If he were the sole owner of the property, he would be entitled to an exemption of $ 95, 000, but counsel for Theriault represents that Daniello's former wife is still an owner of record. If Theriault's right to an attachment turned on the difference between a homestead exemption of $ 47, 500 and $ 95, 000, this would present a difficult issue because the parties agree that Theriault's $14,000 was intended to be paid to Daniello's former wife in exchange for a release of her interest in the property. Because a $ 47, 500 exemption is sufficient to shield the residence from attachment, however, the court does not have to reach this issue.
4. Residual $400 Exemption
Pursuant to 14 M.R.S. § 4422(15) Daniello is also entitled to a $ 400 exemption in other property. He claims that exemption in a Key Bank account that has been subjected to trustee process by Theriault.
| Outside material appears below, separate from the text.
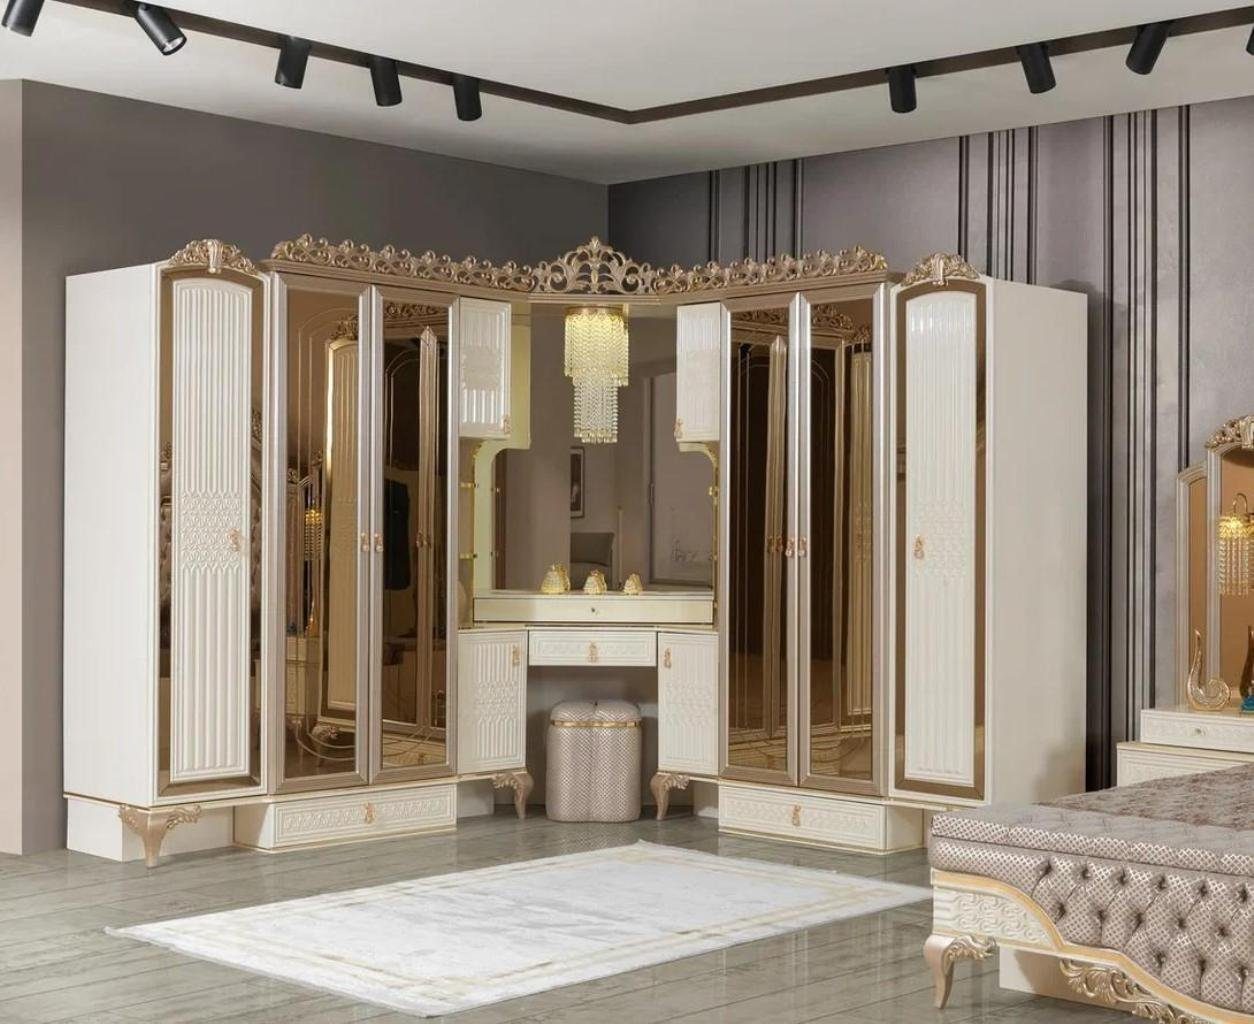 JVmoebel Eckkleiderschrank Eckschrank Design Luxus Wohnzimmer Möbel Holz Eckschrank Modern (1-St., 1x Eckkleiderschrank) Made in Europa | Eckkleiderschränke
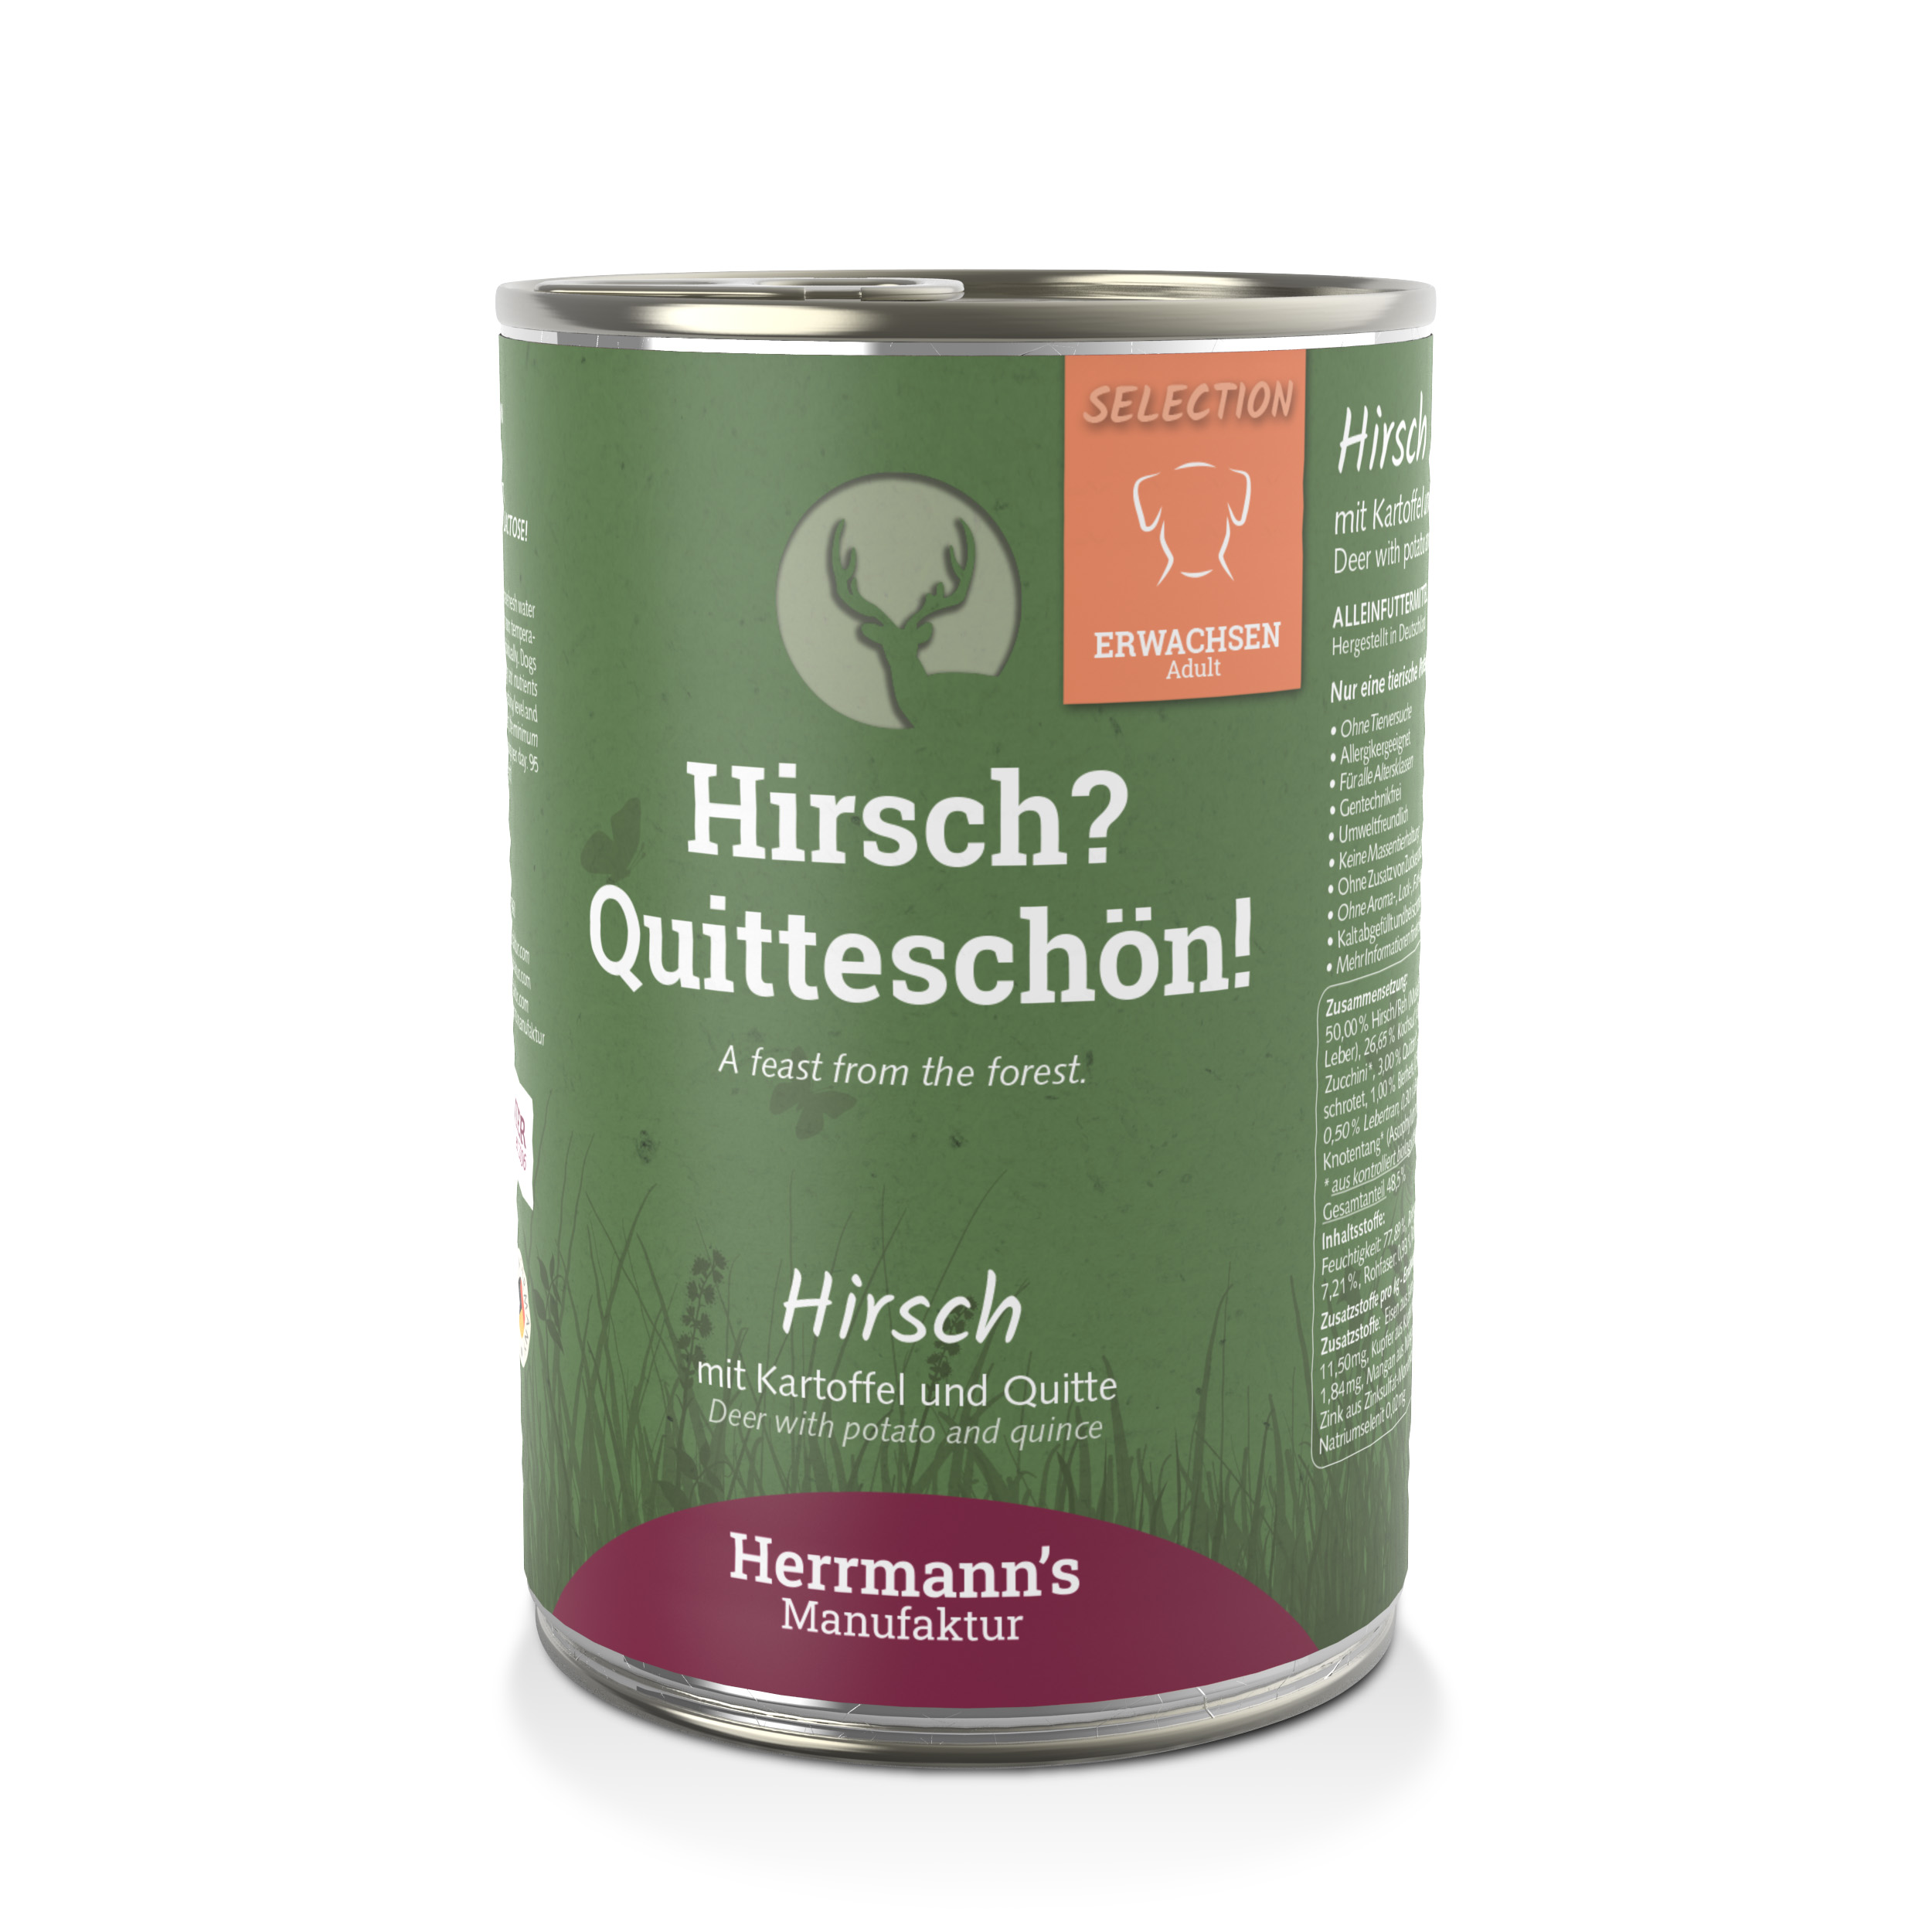 Hundefutter Hirsch NICHT BIO mit Kartoffel und Quitte 400g Herrmann's - Bild 1

While Theriault argues that M.R.Civ.P. 4B(i) provides that a maximum of $ 100 held by any one trustee shall be exempt, this does not limit Daniello's $ 400 exemption for three reasons. First, the $ 100 maximum in Rule 4B(i) only applies to ex parte attachments. Where Daniello has now sought to dissolve the attachment and the court has considered both parties' arguments, the attachment in this case is no longer an ex parte attachment. Second, in any conflict between a statute and a rule of procedure, the statute controls except on issues that are properly within the sole province of the judiciary. Third, the statute and the rule can be reconciled because the Rule applies to individual bank accounts while § 4422(15) applies to the aggregate amount of other property that may be attached.
The entry shall be:
The June 14, 2012 order of attachment and attachment on trustee process is amended in two respects: (1) to provide that no attachment shall apply to 11 Alder Lane, Standish, ME, and (2) to provide that $ 400 of the amount attached on trustee process is exempt from attachment. Plaintiff shall release the latter amount from the funds subject to trustee process.
In all other respects defendant's motion to dissolve the ex parte attachment ordered on June 14, 2012 is denied.
The Clerk is directed to incorporate this order in the docket by reference pursuant to Rule 79(a).